■ Exercise requirements
Would you reproduce the data below exactly, please, leaving out its images?

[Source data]
=== Section Start ===

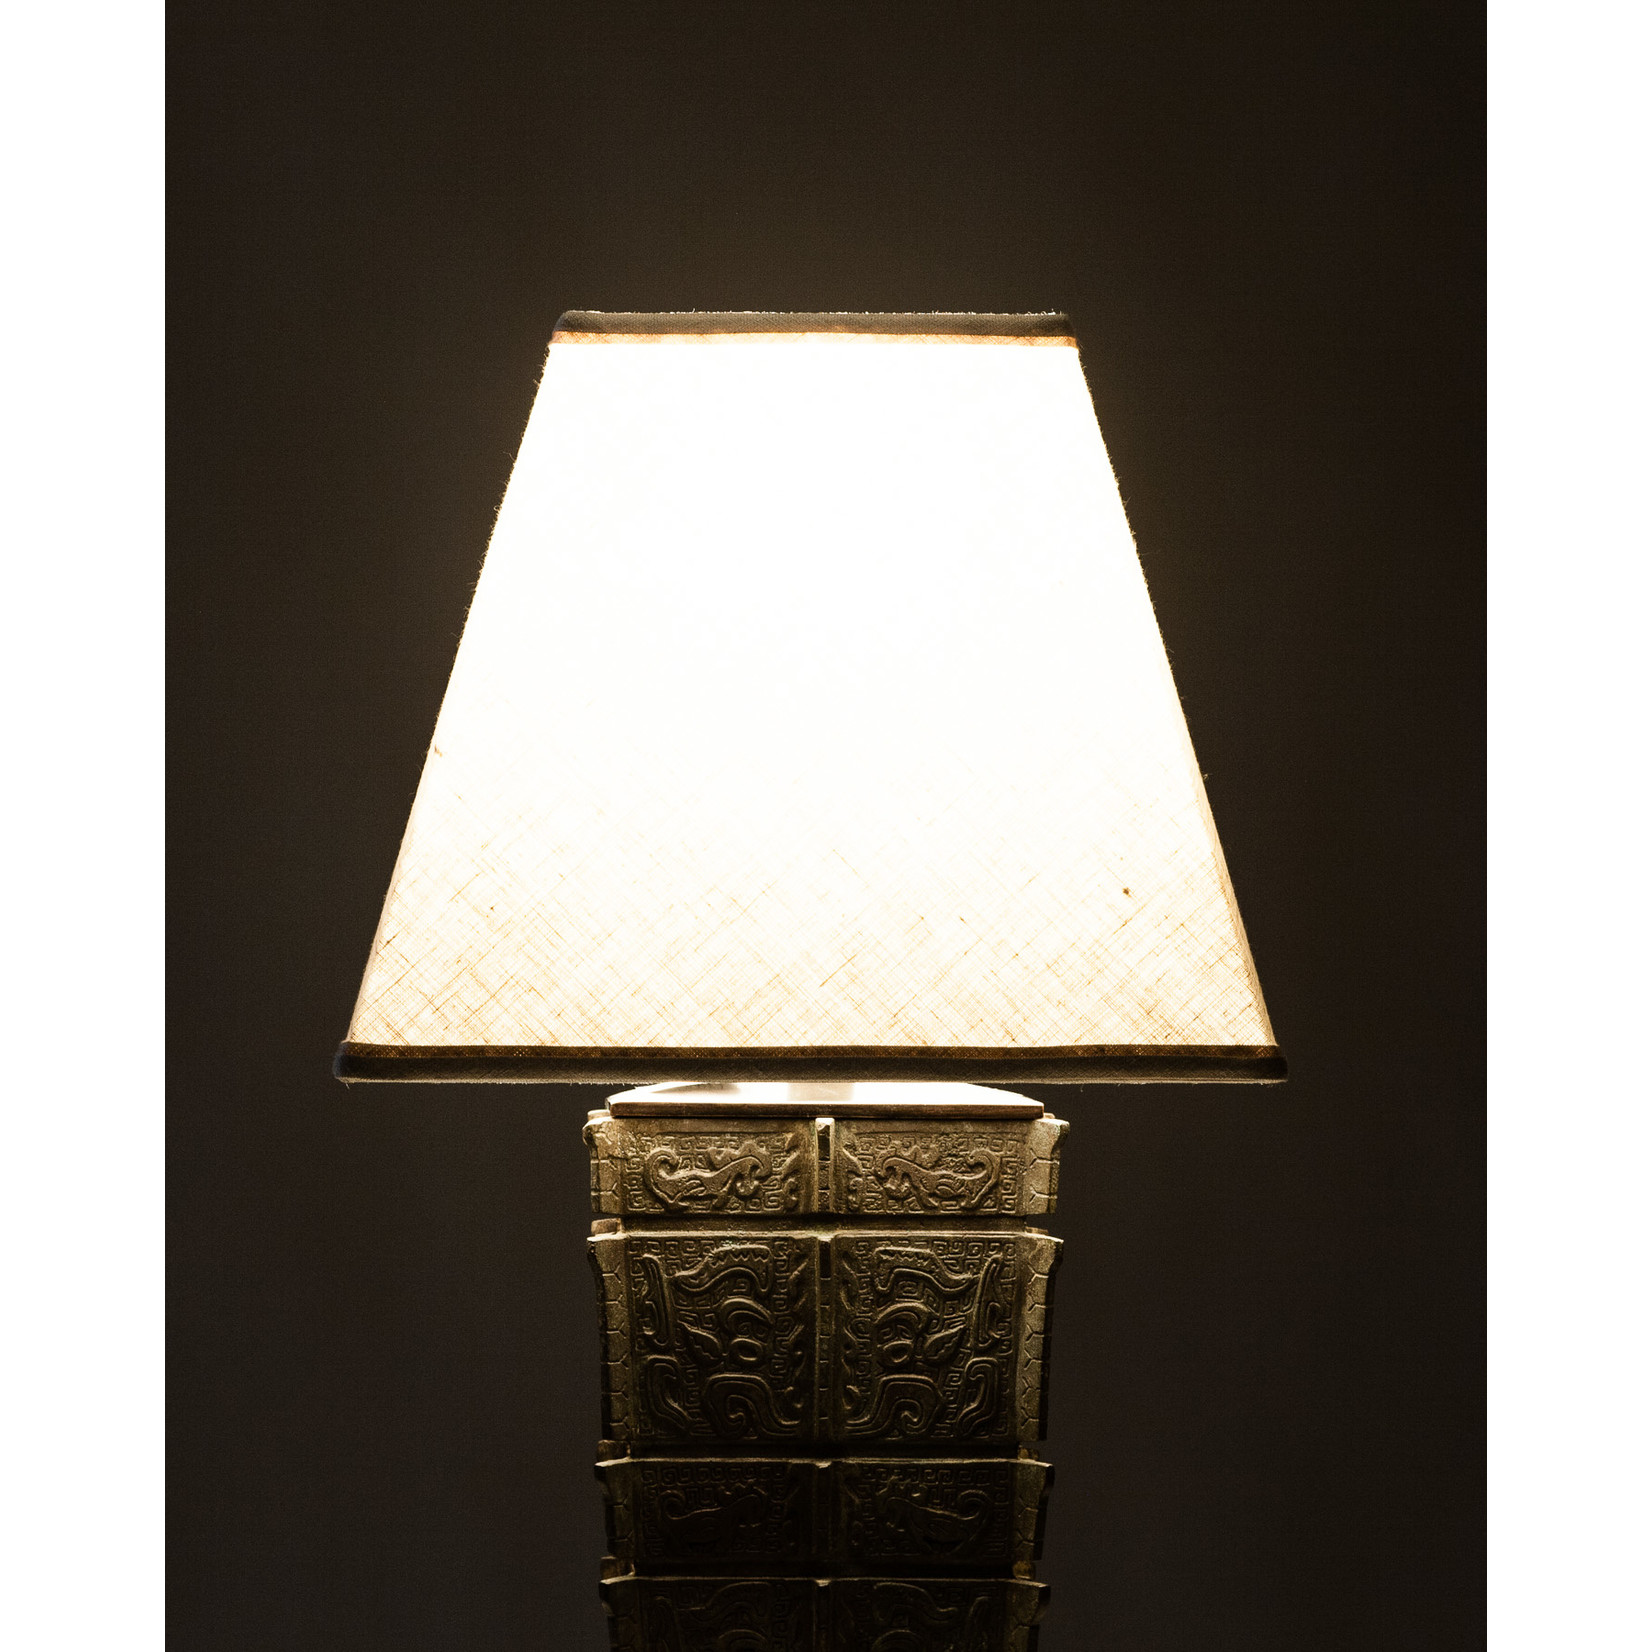 Lawrence & Scott Nelson Table Lamp in Archaic Bronze
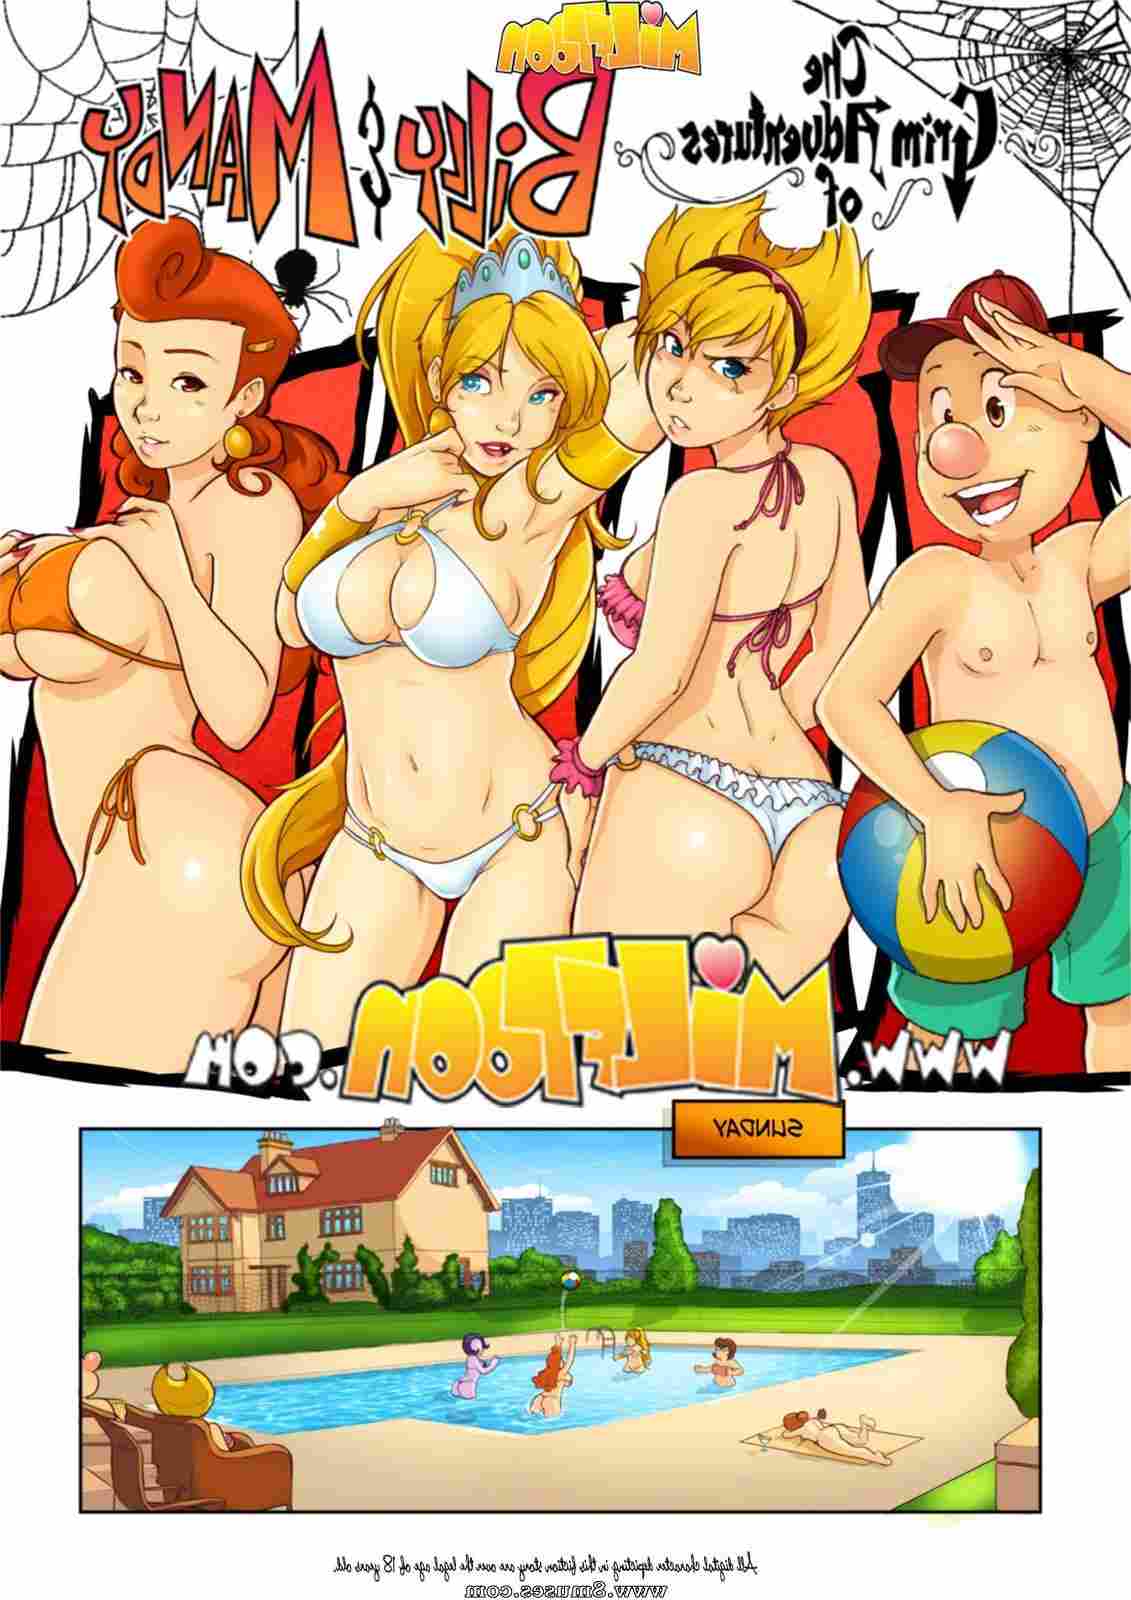 MilfToon-Comics/Billy-and-Mandy Billy_and_Mandy__8muses_-_Sex_and_Porn_Comics.jpg
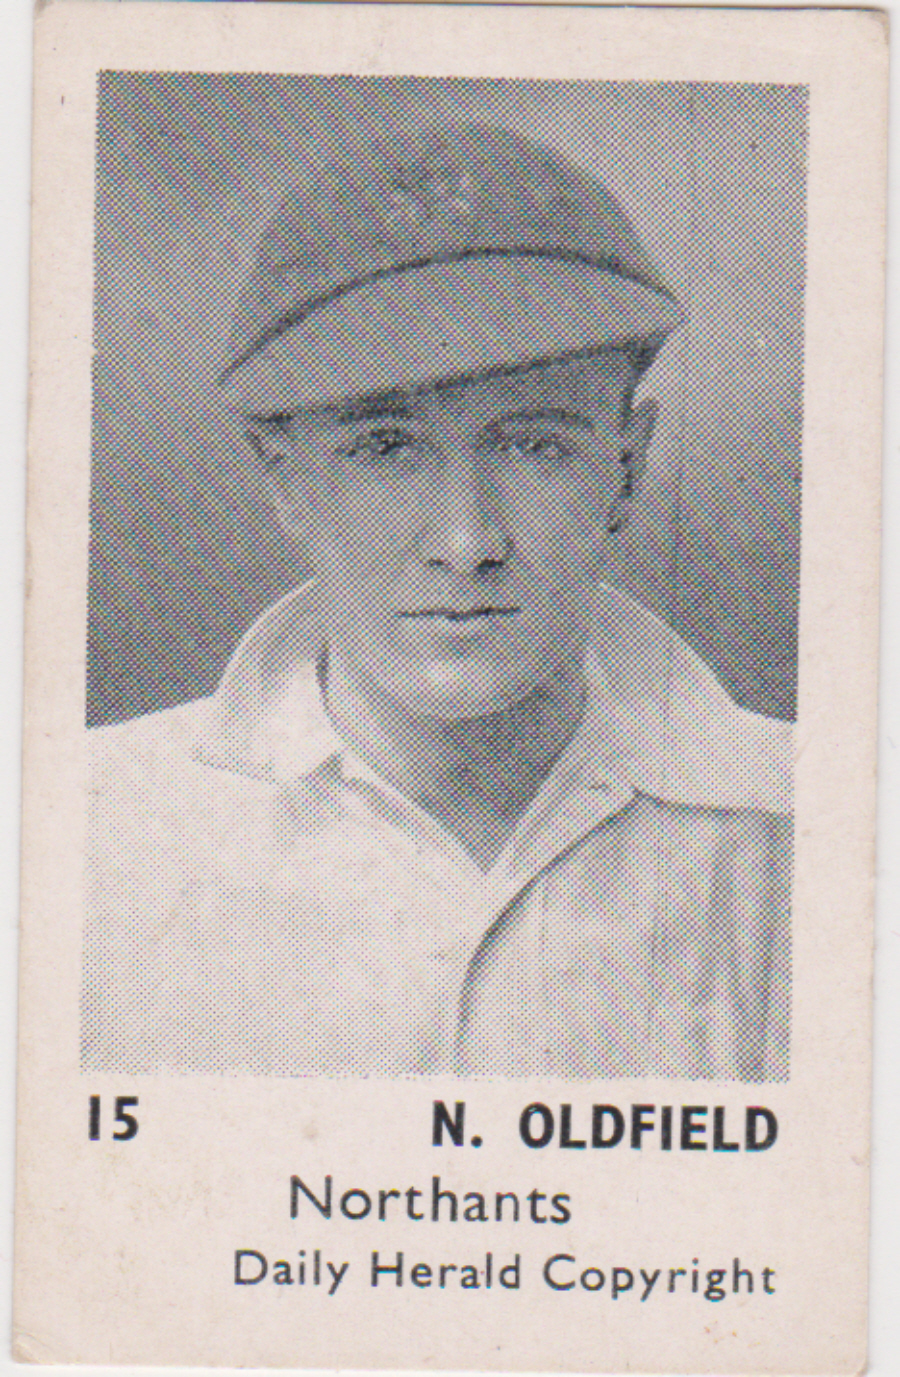 Daily Herald Cricketers No15 N Oldfield
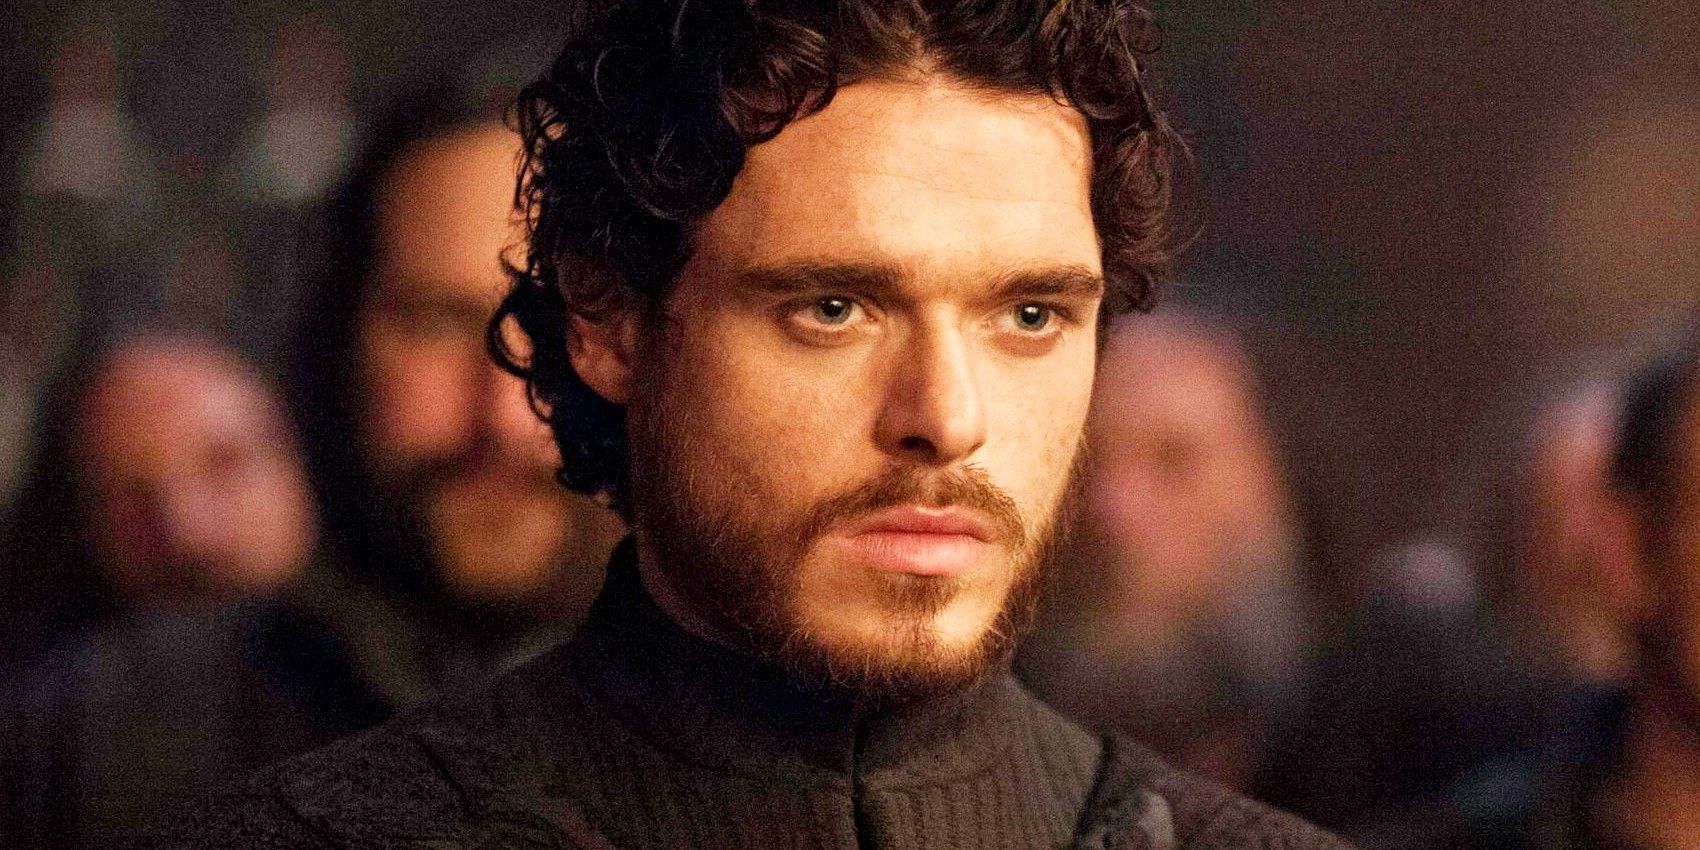 Richard Madden as Robb Stark looking stern at the Red Wedding in Game of Thrones
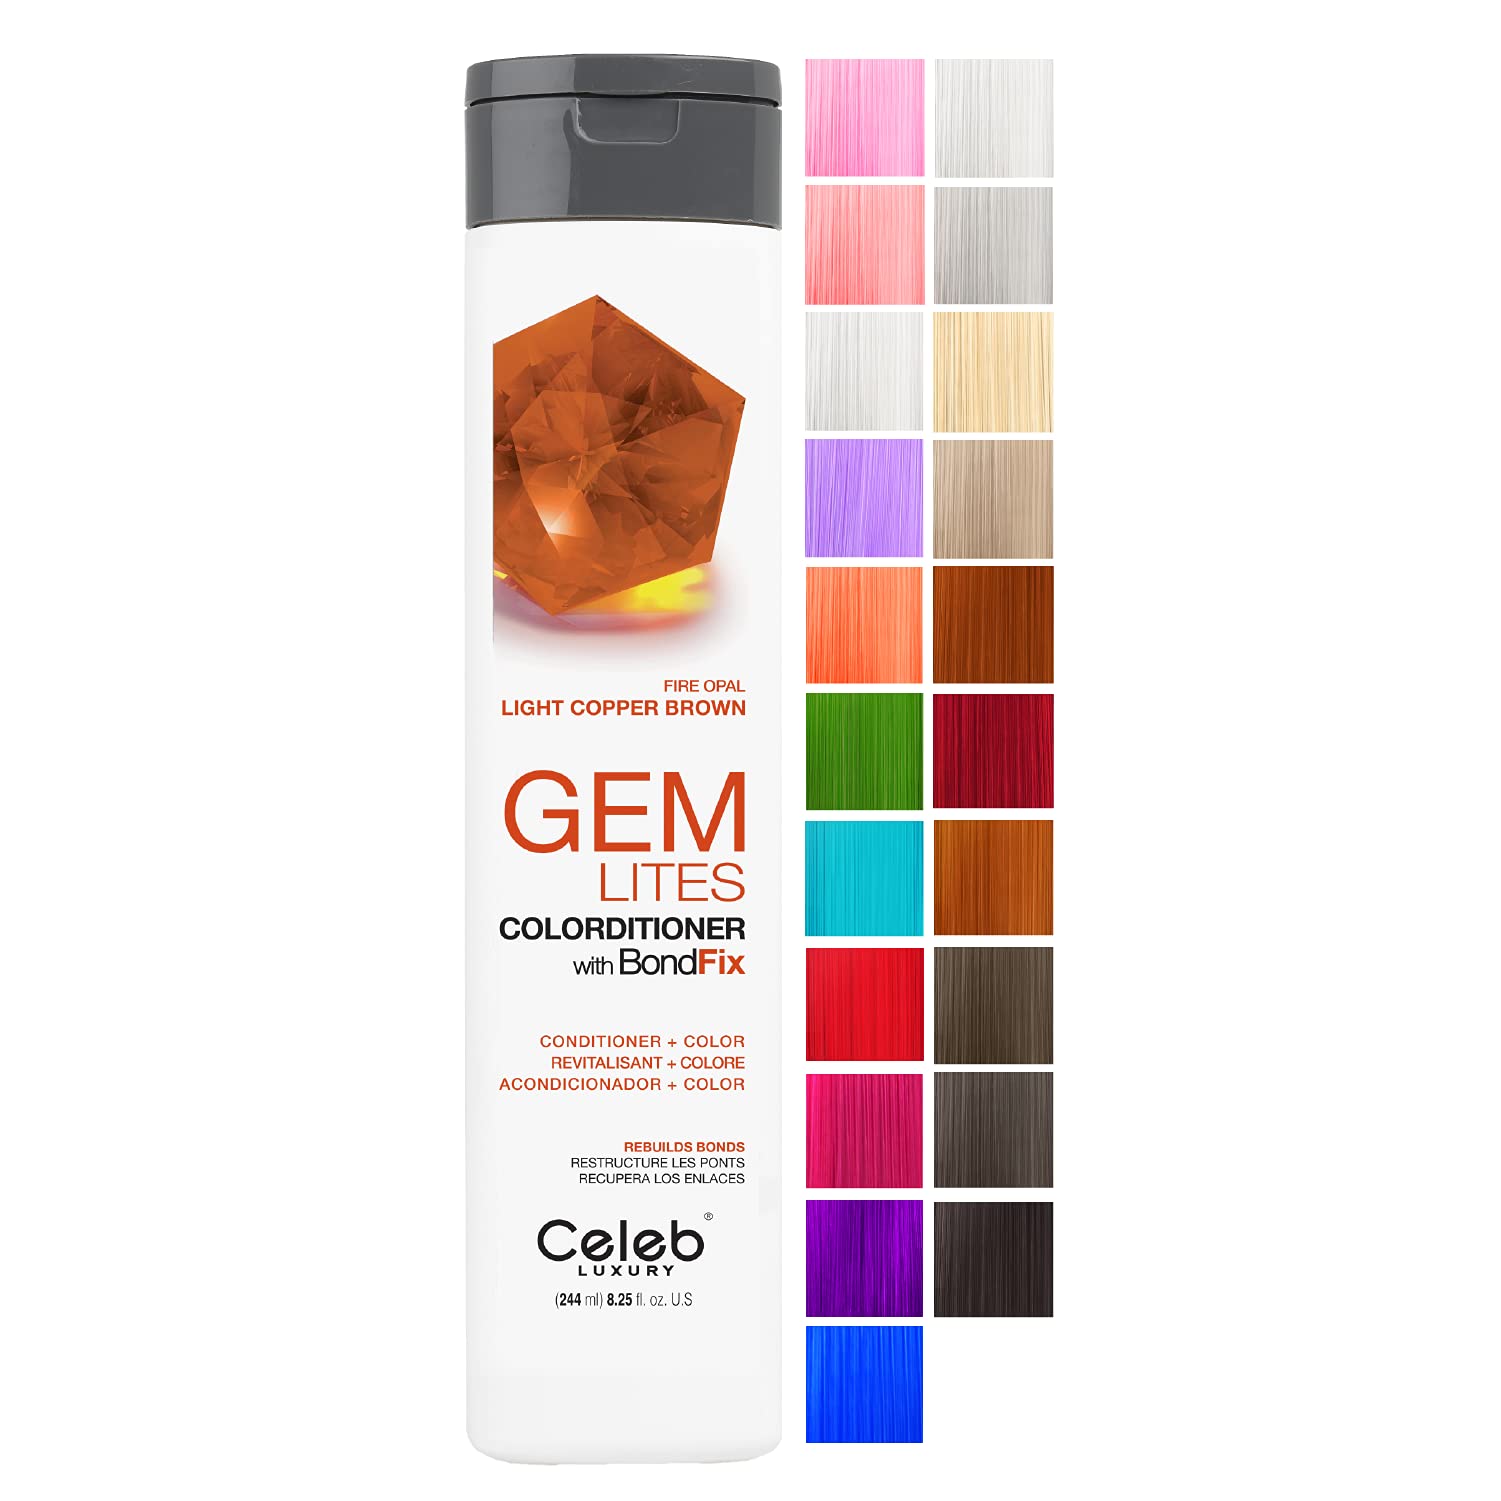 Celeb Luxury Gem Lites Colorditioner, Semi-Permanent Professional Hair Color Depositing Conditioner, Fire Opal

=== Section End ===

■ Written reply
 Lawrence & Scott Nelson Table Lamp in Archaic Bronze
 MilfToon-Comics/Billy-and-Mandy Billy_and_Mandy__8muses_-_Sex_and_Porn_Comics.jpg
 Daily Herald Cricketers No15 N Oldfield
 Richard Madden as Robb Stark looking stern at the Red Wedding in Game of Thrones
 Celeb Luxury Gem Lites Colorditioner, Semi-Permanent Professional Hair Color Depositing Conditioner, Fire Opal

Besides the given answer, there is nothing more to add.